Panelists at the University of the Free State’s (UFS) Thought-Leader Panel discussion disagreed whether South Africa has a culture of acceptance, with one panelist claiming “it is absolute nonsense”.

Prof Piet Croucamp, who teaches politics at the North-West University (NWU), answered the question whether South Africans just accept things as if they were normal because they do not know anything different with a frank: “It is absolute nonsense”. 

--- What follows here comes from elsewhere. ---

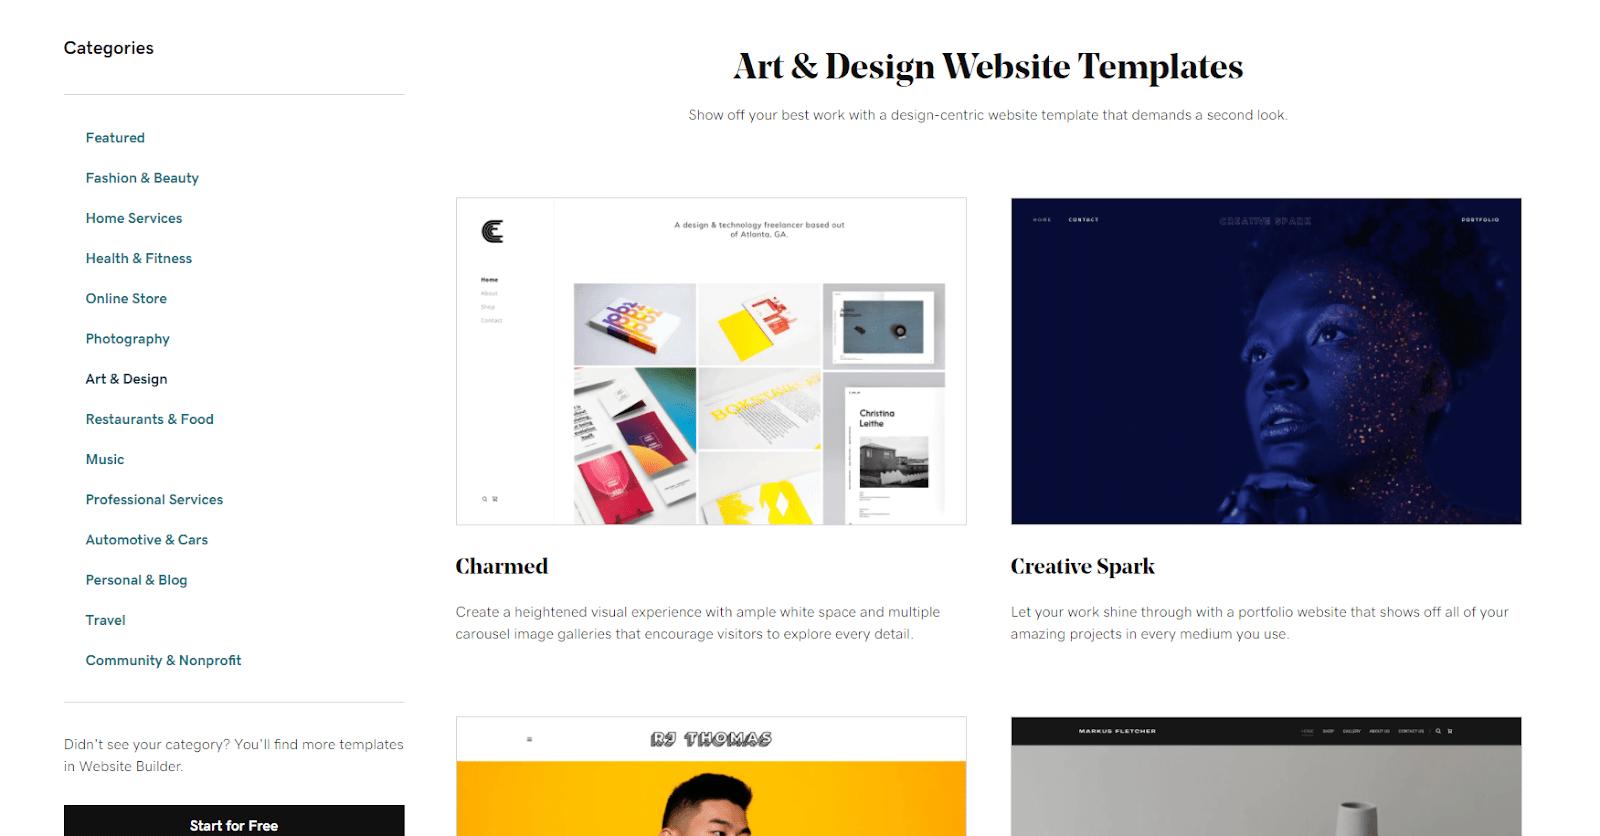 GoDaddy Art & Design templates

Prof Croucamp was one of four panelists who took part in the panel discussion titled: “A Culture of Acceptance – South Africa’s Greatest Threat?” as part of the 2023 Thought-Leader Series on Thursday (13 July 2023). The other panelists were Prof Bonang Mohale, President: Business Unity South Africa and UFS Chancellor; Dr Sipho Pityana, Founder and Chairman: Izingwe Capital; and Dr Lindie Koorts, Research Fellow: International Studies Group (ISG), UFS.

Prof Francis Petersen, UFS Vice-Chancellor and Principal, was the facilitator. 

Biggest motion of no confidence 

Prof Croucamp said only 47% of registered voters turned up to vote during the 2021 elections and only 12% of eligible voters voted for the ANC, while 88% voted for other political parties or stayed away.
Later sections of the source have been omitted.